Романтичным был эпизод, где они переговариваются у следователя. Каждый самоотверженно хочет взять вину на себя. Убеждают, кричат друг на друга, благородно не соглашаются друг с другом, и в итоге, рассорившись в пух и прах, идут по делу вдвоём.
Это проливало какой-то свет на их дружбу. Хотя представить, что Еврей мог быть таким, было непросто. Мне он виделся рассудочным, осторожным и замкнутым. Найдя лазейку, он устроился на спокойную нетяжёлую работу. Убирал себе стружку на механичке, избавленный от производственно-исправительной суеты. Прогуливался по цеху один, заправив штанины брюк в носки, и курил сломанные сигареты через мундштук. Все эти еврейские прибамбахи, видимо, и сбивали с толку.
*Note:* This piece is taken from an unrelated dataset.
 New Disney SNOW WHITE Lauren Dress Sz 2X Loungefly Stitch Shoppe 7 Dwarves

Субтильный, вежливый, с тихим голосом, скорбным выражением и еврейскими глазами, нижнее мешковатое веко которых придавало им некую двусмысленность. Это такое веко, в котором спрятаны мистические знания, списки масонских лож и экономические расчёты.
О его прижимистости ходили легенды. Он разламывал сигареты напополам, и часть этих кусочков брал с собой на работу. Когда ему об этом говорили, он стыдливо улыбался, пытался раскрыть полностью глаза и преподнести это как нечто совершенно нормальное и обыденное. По его расчётам (по тем самым расчётам нижнего века) выходило, что он здорово на этой процедуре выигрывает.
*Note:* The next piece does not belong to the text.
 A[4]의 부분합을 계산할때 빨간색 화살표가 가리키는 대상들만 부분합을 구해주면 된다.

Ещё он страдал геммороем, совершенно этого не скрывал (я бы даже сказал, что гемморой придавал Еврею, двадцатитрёх-четырёхлетнему парню, недостающей солидности), поэтому был вынужден беспокоиться о наличии туалетной бумаги и, естественно, над ней трясся. В разное время и с разными людьми разделяя хозяйство, он очень негодовал, если кто-то неэкономно расходовал его рулончик. С этой бумагой связана одна историческая фраза, которую потом повторяли практически как народную мудрость. Когда очередной семейник Еврея полез в его тумбочку за туалетной бумагой, Еврей его спросил: «Ты же уже ходил сегодня?» На что тот ответил: «Ну и что? Я ещё хочу». Еврей не выдержал и раздражённо, глядя, как разматывают его рулон, произнёс:
– Срать два раза в день – глупо!
Еврей крутился с кладовщиком, (кладовщика я плохо помню) и больше никого к себе не подпускал. Несколько раз я пытался с ним подружиться, но мы буквально перекинулись двумя-тремя словами, и на этом всё. Сейчас, через столько лет, оглядываясь, мне кажется, что Еврей, тяготившийся окружением, что-то предчувствовал. Как будто ждал появления кого-то, знал, что придёт такой человек, и делал на него ставку.